Aim of the task =>
Give back, unaltered, the lines from the one with "18일 춘천문화예술회관에서 열리는" to the end of the material, omitting pictures.

Input data section start

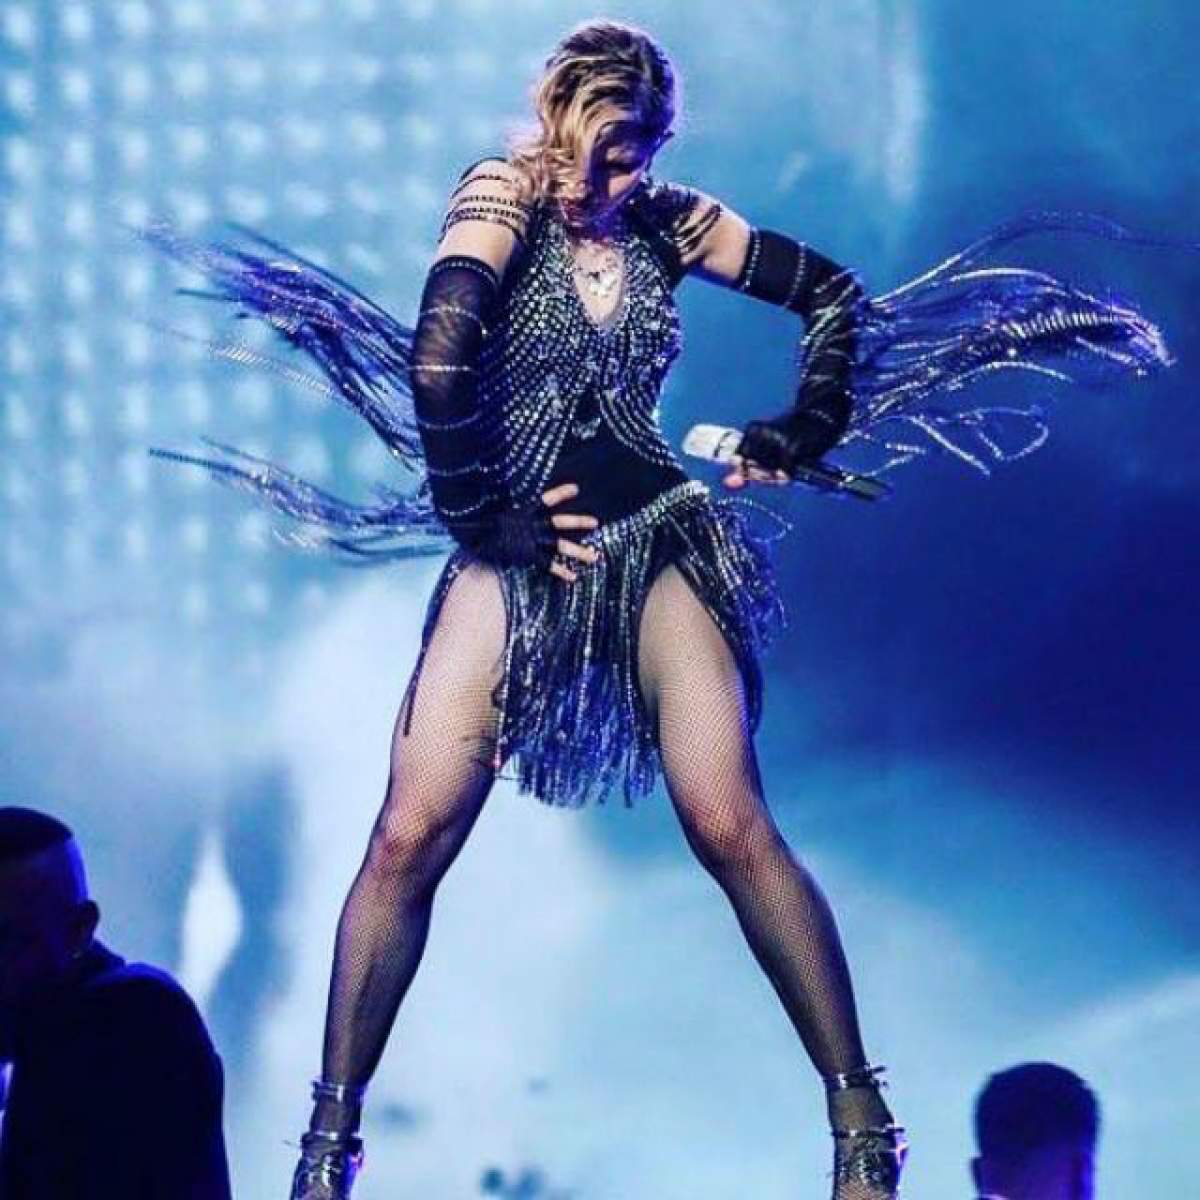 Madonna, în lacrimi pe scenă! Artista a clacat în timpul unui concert, în faţa a zeci de mii de oameni: "O să plâng!"
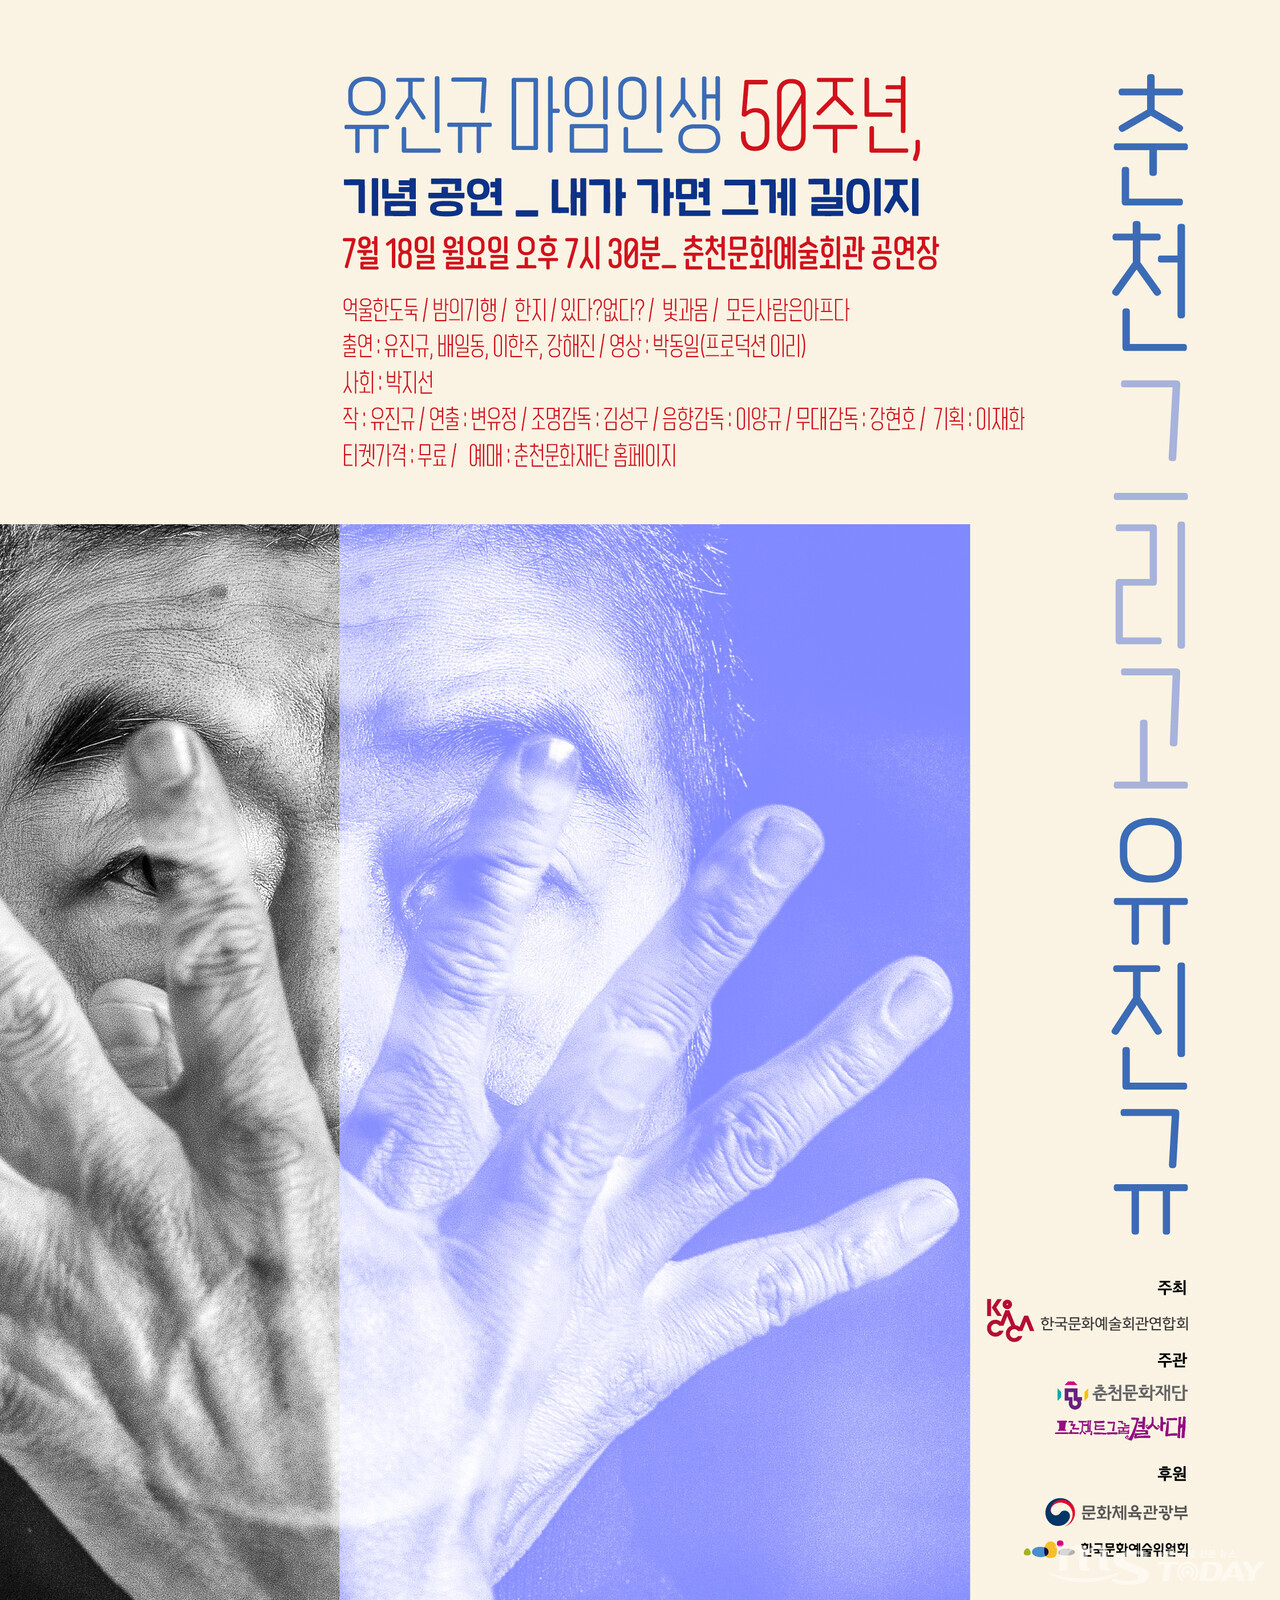 18일 춘천문화예술회관에서 열리는 유진규 마임이스트 50주년 기념 공연 '내가 가면 그게 길이지' 포스터
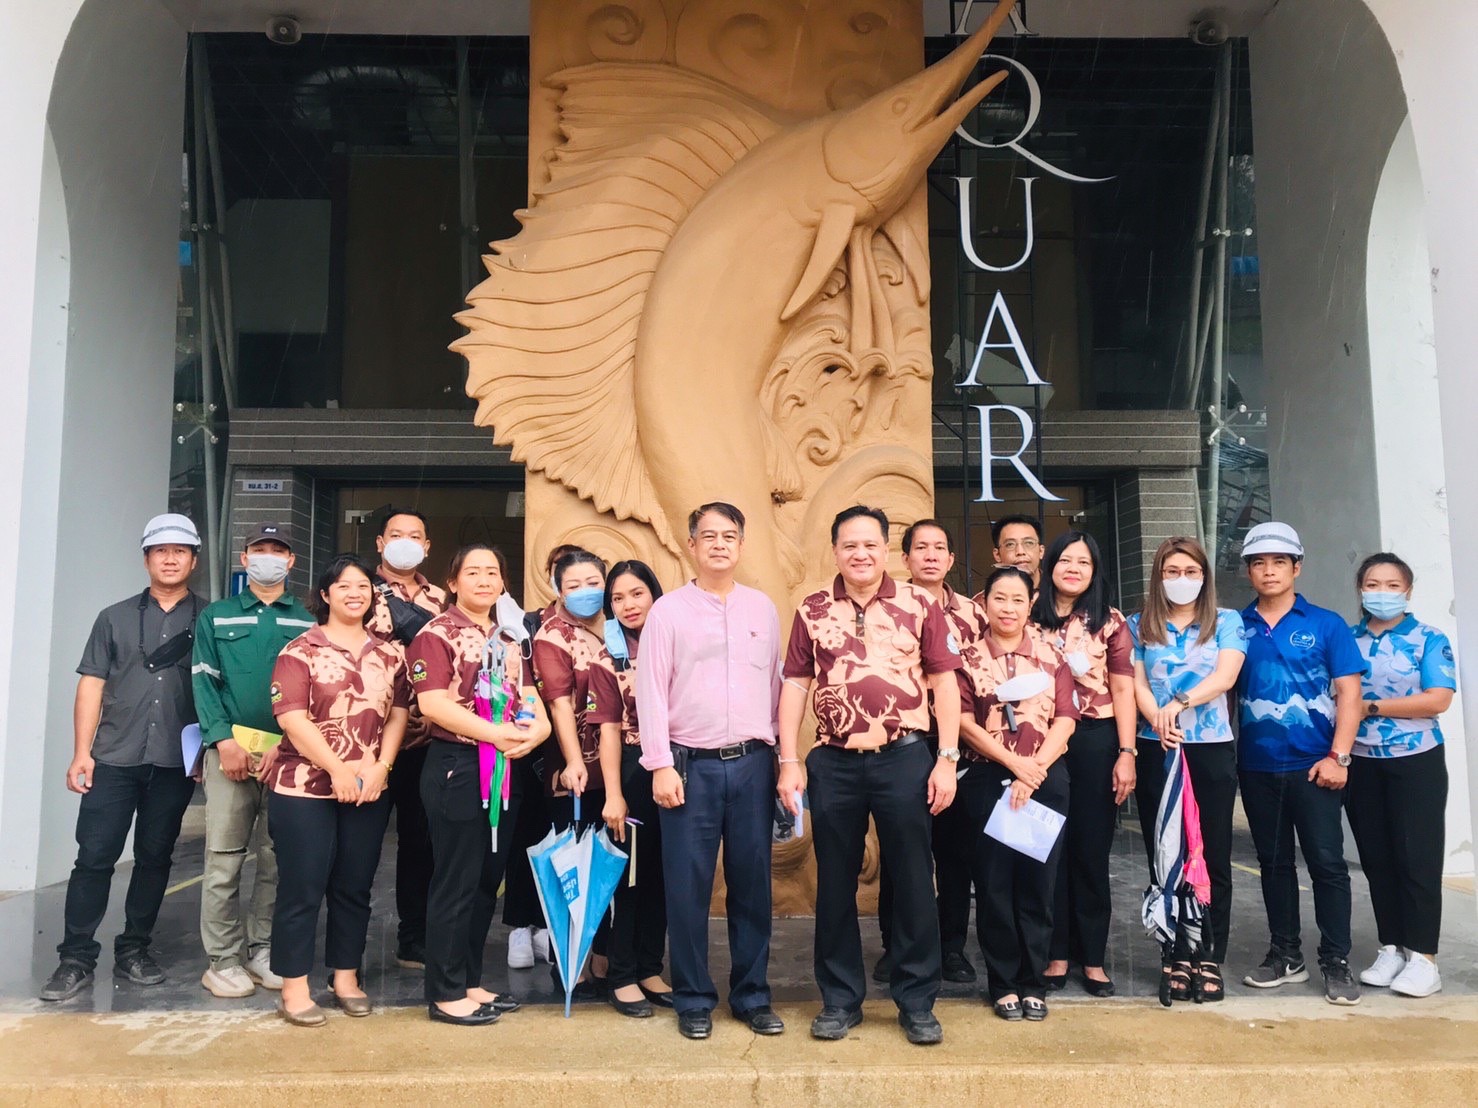 รองผู้อำนวยการองค์การสวนสัตว์ แห่งประเทศไทย ลงพื้นที่ตรวจเยี่ยมสวนสัตว์เชียงใหม่
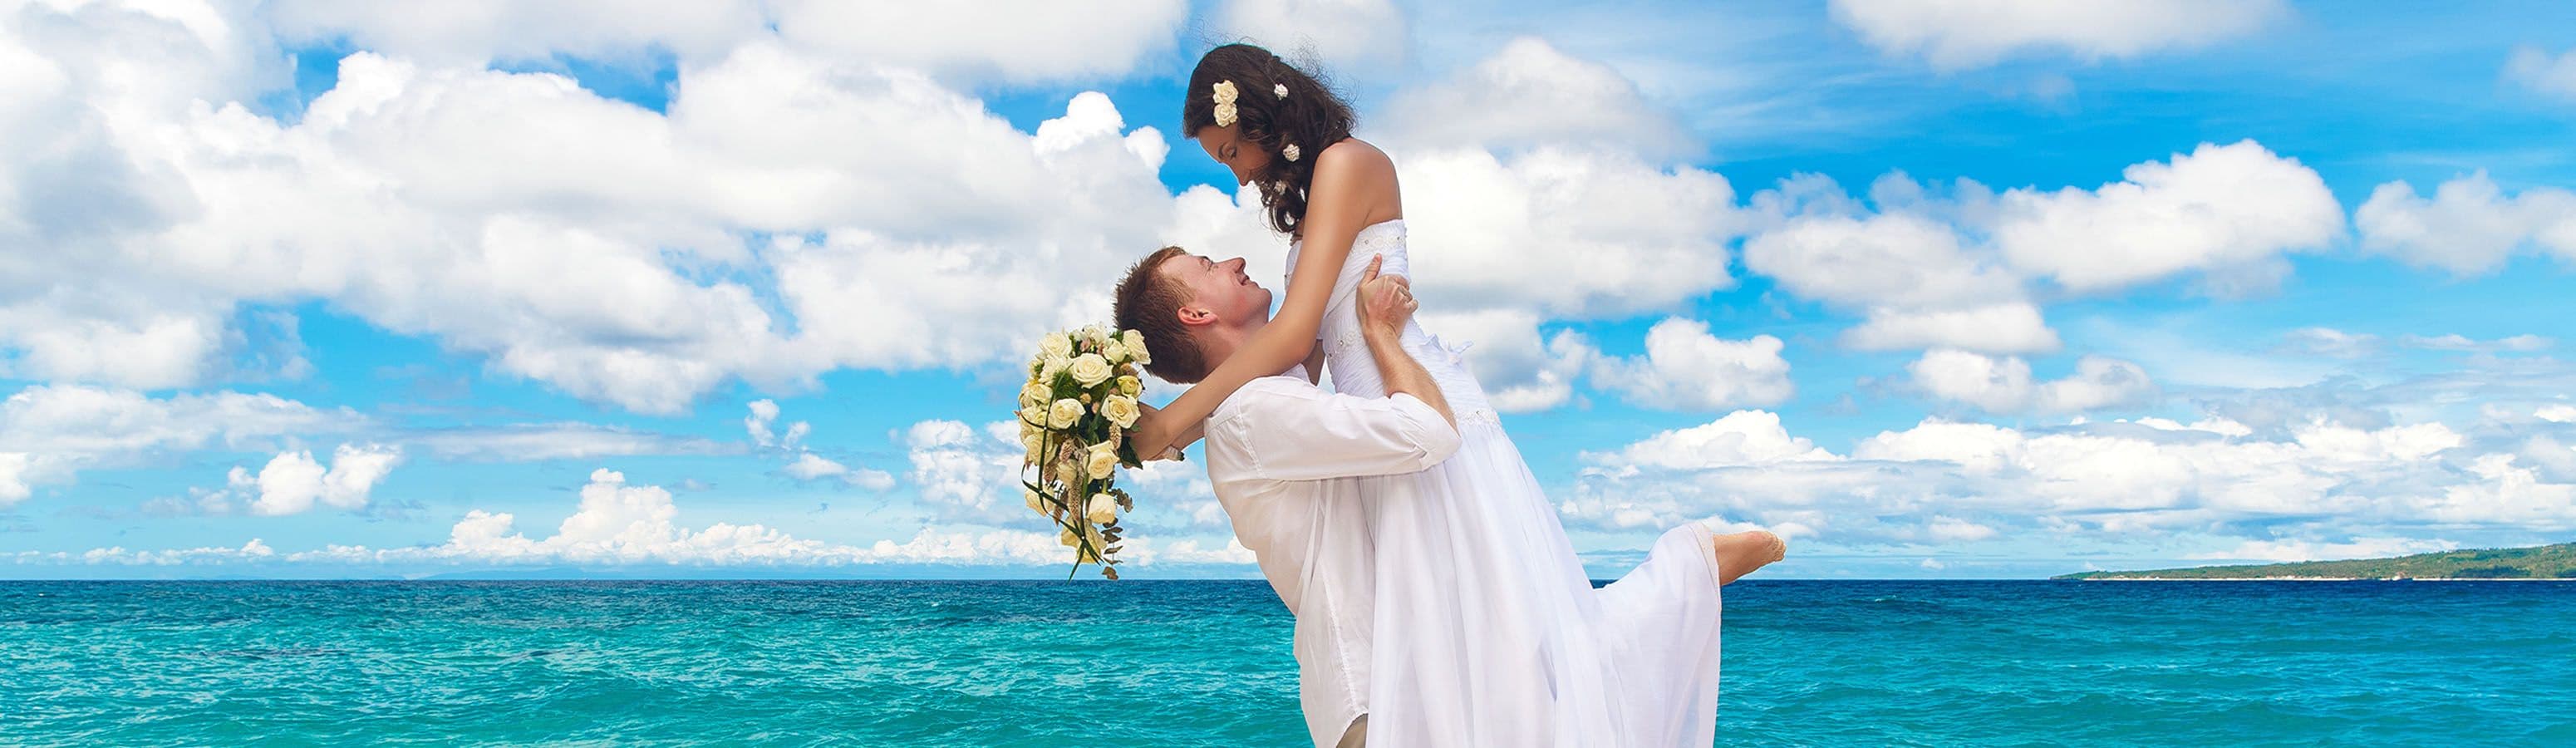 Mi lenne, ha a nyári vakációt összekapcsolnánk egy esküvői ceremóniával?

Input data section end

Result below =>
 18일 춘천문화예술회관에서 열리는 유진규 마임이스트 50주년 기념 공연 '내가 가면 그게 길이지' 포스터
 รองผู้อำนวยการองค์การสวนสัตว์ แห่งประเทศไทย ลงพื้นที่ตรวจเยี่ยมสวนสัตว์เชียงใหม่
 Mi lenne, ha a nyári vakációt összekapcsolnánk egy esküvői ceremóniával?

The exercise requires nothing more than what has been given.